The Mooney M20 — which had left from White Plains in Westchester County, N.Y. — hit the wires in Montgomery Village, near Montgomery County Airpark in Gaithersburg, around 5:40 p.m.
- The first occupant was removed at 12:25 a.m. and the second at 12:36 a.m., AP reports.
Police identified them as pilot Patrick Merkle, 65, of D.C. and passenger Jan Williams, 66, of Louisiana.
- Both men suffered injuries, and hypothermia was an issue.
🎒 Montgomery County closed schools today because of the power cuts.
7. ⚽ U.S.-England draws NFL-like rating
The 0-0 World Cup draw between the U.S. and England drew 19.98 million viewers for English- and Spanish-language broadcasts — the third-most watched men's soccer game on U.S. television, AP reports.
- The match, which kicked off Friday at 2 p.m. ET, was seen by 15.4 million on Fox and 4.6 million on Telemundo (an NBC network).
- Nielsen says the only men's soccer matches with more viewers on U.S. TV were Germany's win over Argentina in the 2014 final (23 million), and Spain's victory over the Netherlands in the 2010 final (21 million).
🏈 For comparison, the Green Bay Packers' overtime win over Dallas on Fox on Nov. 13 — that week's No. 1 show on TV — drew 18.13 million.
- The NFL says the three Thanksgiving games averaged 33.5 million viewers on TV + digital. Giants-Cowboys drew 42 million for TV + digital, a regular-season record.
⚾ This year's six-game World Series averaged 12 million viewers on Fox.
🐊 Argentine soccer star Lionel Messi is in advanced talks to join Inter Miami, in a deal that would make the 35-year-old the highest-paid player in the history of MLS, The Times of London reports (paywall).
- Two of Messi's former Barcelona teammates — Cesc Fàbregas and Luis Suárez — may join him.
Sources at Inter Miami, co-owned by David Beckham, told the Miami Herald discussions have reached an advanced stage — but said it's premature to say a deal is imminent.
8. 🎮 1 fun thing: Doggie video game
Joipaw is taking reservations for a video game system it says will "unleash your dog's cognitive potential," Jennifer A. Kingson writes for Axios What's Next.
- The Joipaw console will include "a dog-tailored touchscreen, a height-adjustable stand and an automated treat dispenser," plus "running interactive puzzle games that are constantly new and challenging."

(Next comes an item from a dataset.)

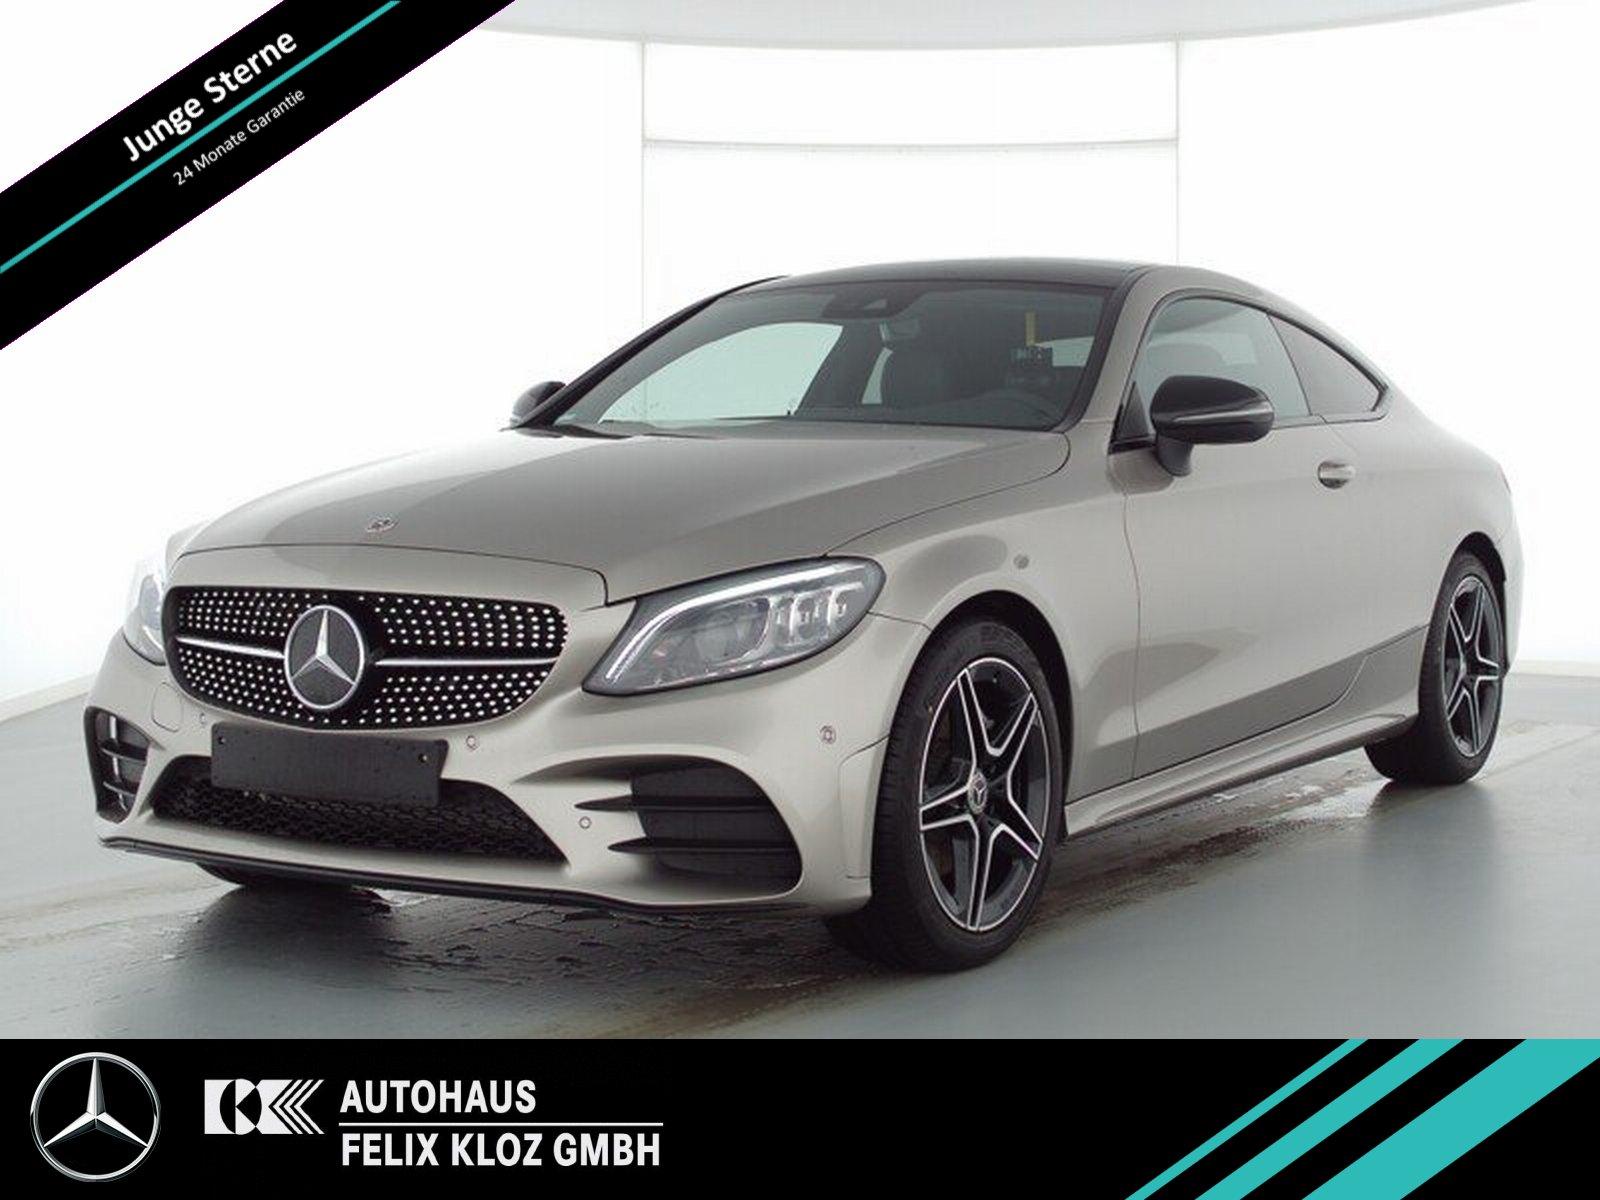 Mercedes-Benz C 200 AMG Night Oano Assistenz Kamera Multibeam, Jahr 2020, Benzin

How it works: "Dogs wear the tracker on their collar, and it sends data on their activities to the app, e.g. steps, time spent resting, playing, walking," Avdar tells Axios.
- "They also play games on the console and receive treats when they're successful," he says. "We gather cognitive data in the background, which is also shown in the app."
Avdar hopes to build Joipaw into "Apple Health, but for dogs."
- The startup is planning to move from Hong Kong to the U.K., Avdar says.
Editor's note: This item was updated with information that Joipaw is planning on moving from Hong Kong to the U.K.